++++ Information provided ++++

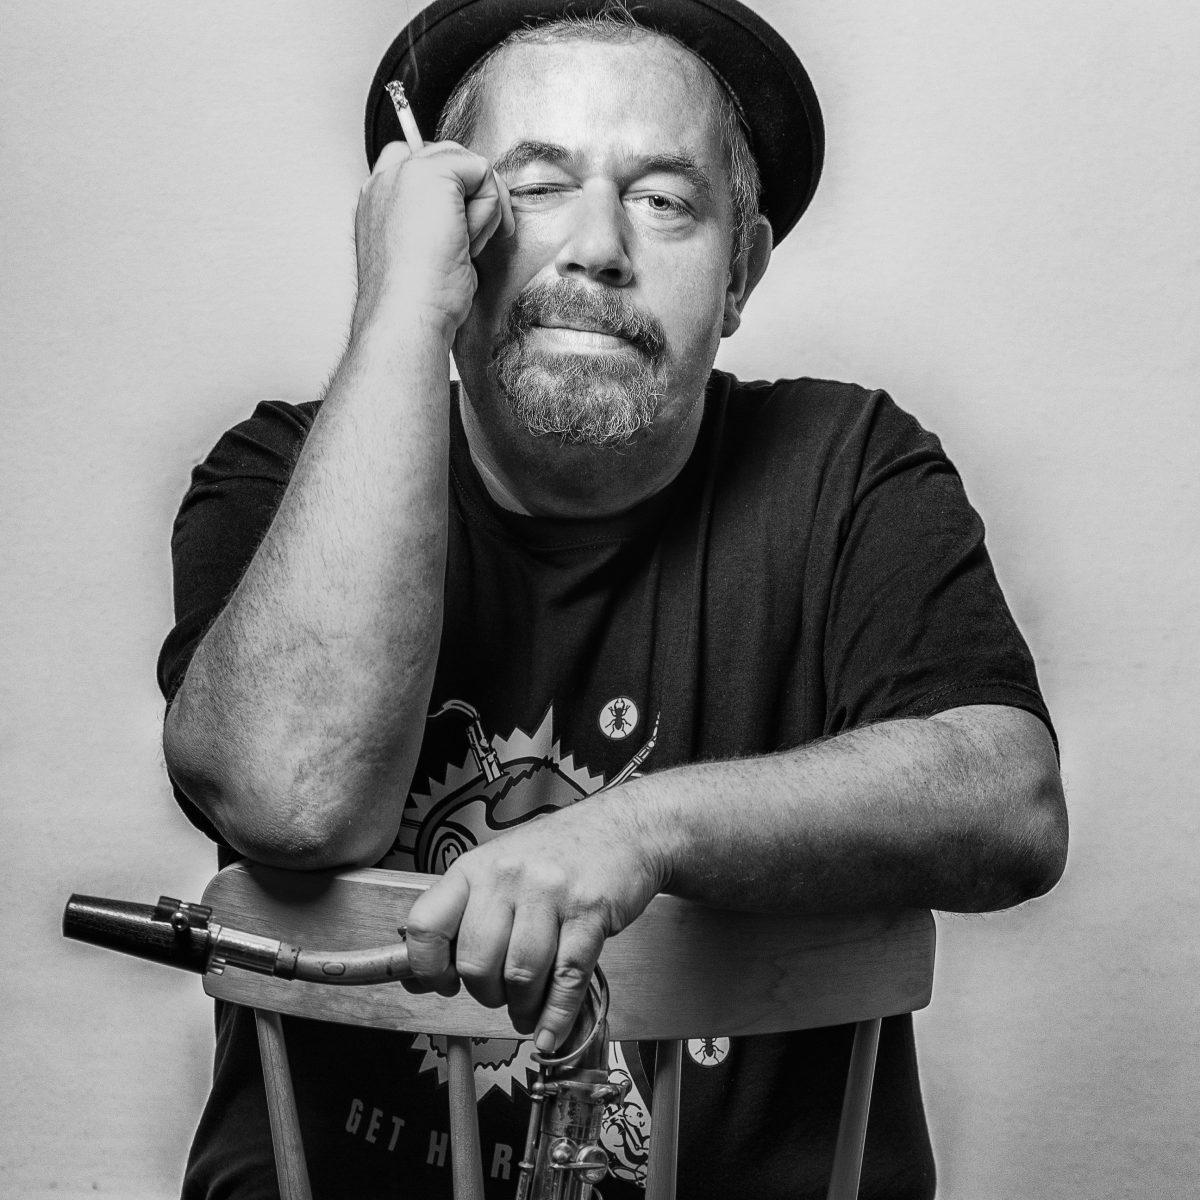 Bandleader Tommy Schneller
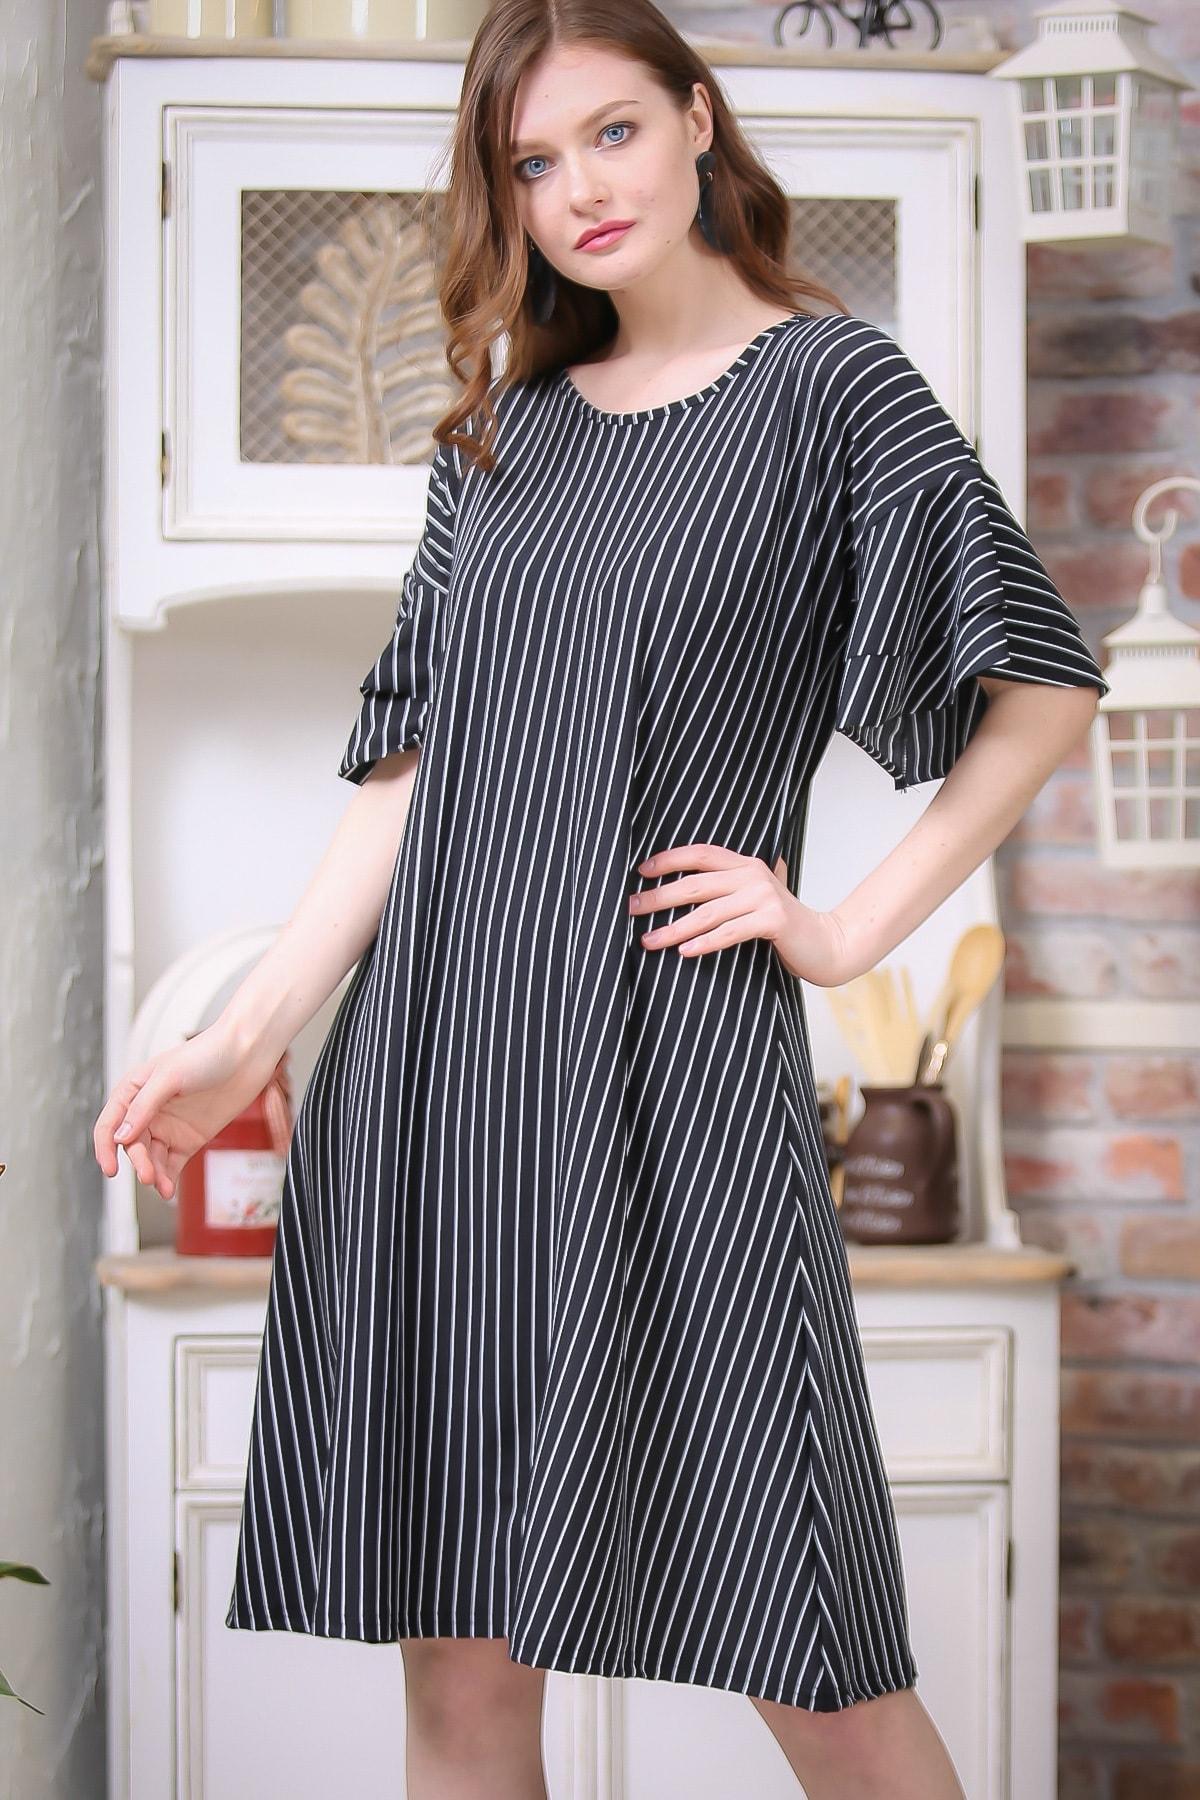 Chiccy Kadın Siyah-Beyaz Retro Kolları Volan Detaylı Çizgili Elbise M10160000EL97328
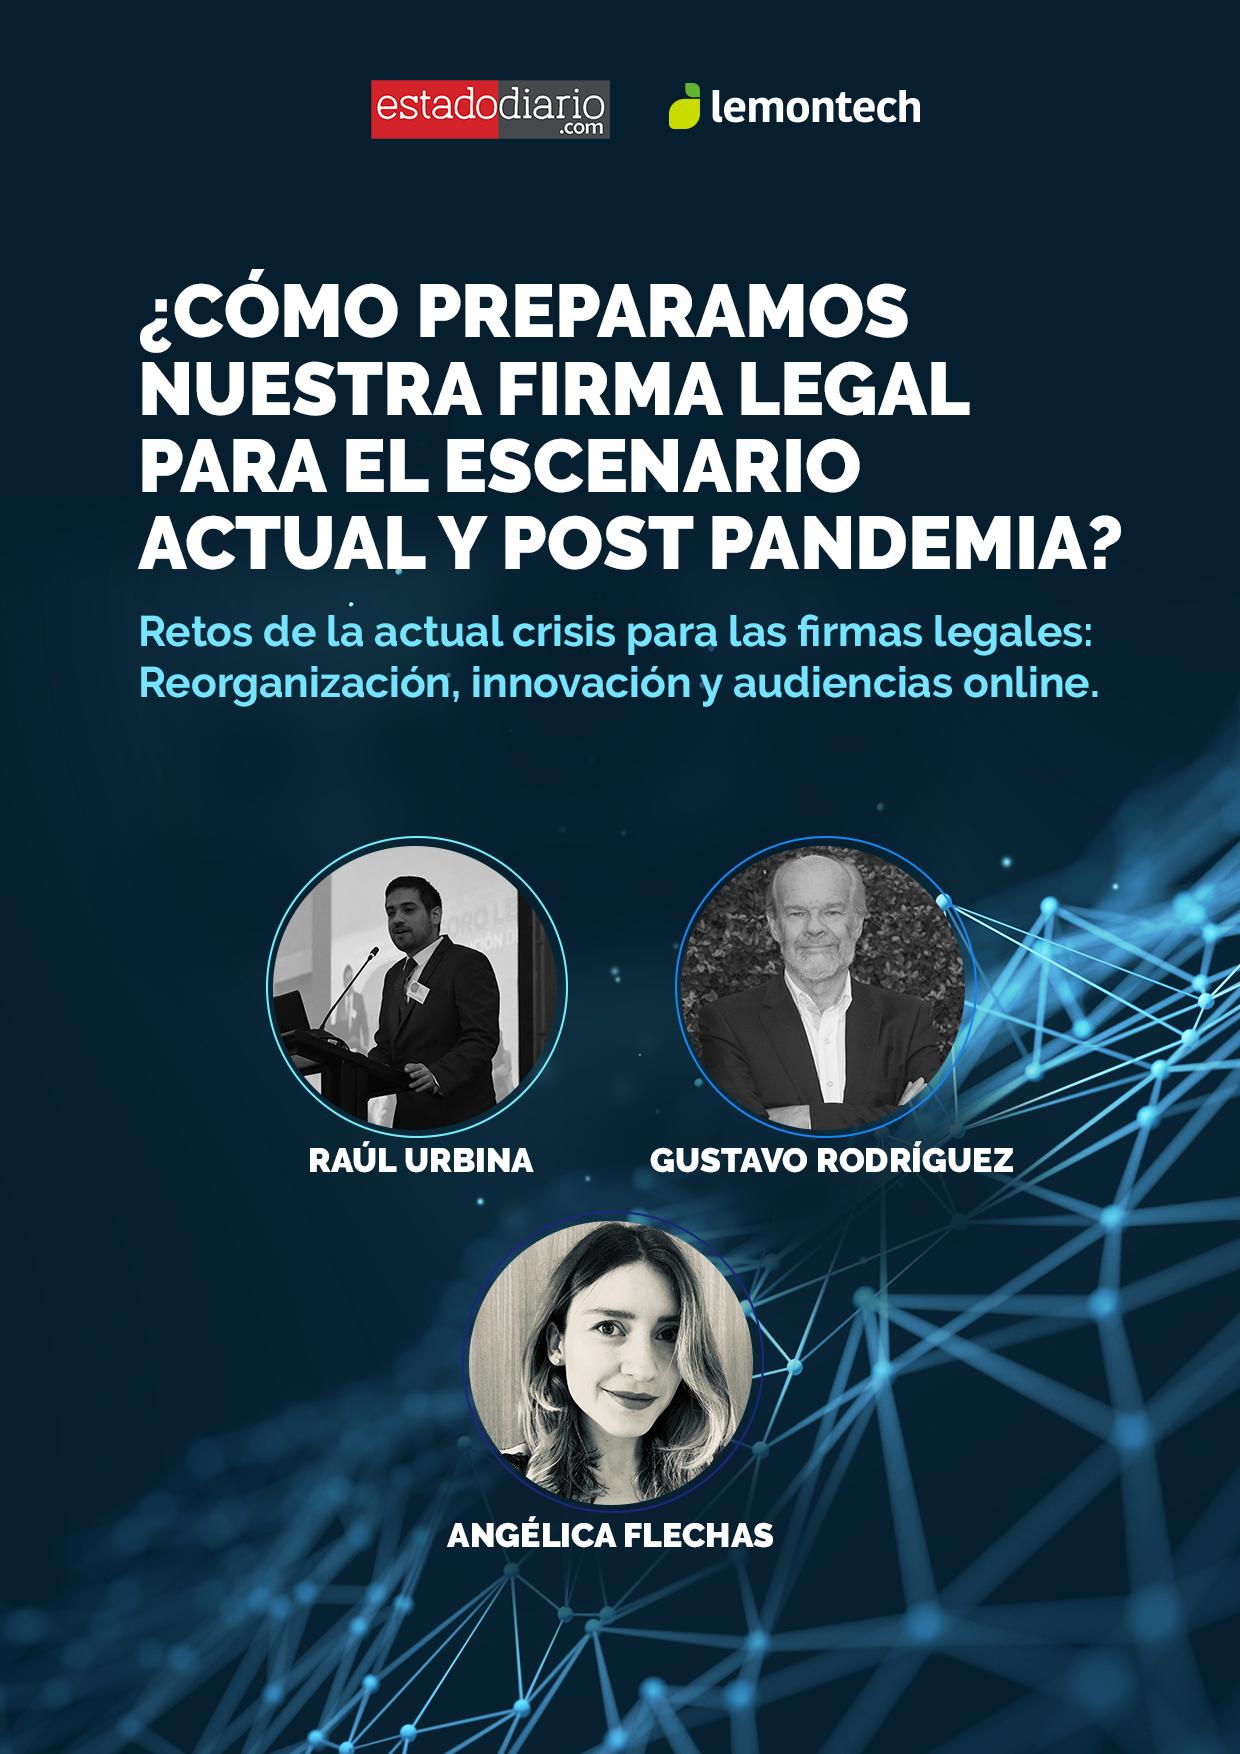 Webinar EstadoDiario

++++

> Action item
Except for the pictures, copy the material above exactly.

> Answer to the exercise
 Bandleader Tommy Schneller
 Chiccy Kadın Siyah-Beyaz Retro Kolları Volan Detaylı Çizgili Elbise M10160000EL97328
 Webinar EstadoDiario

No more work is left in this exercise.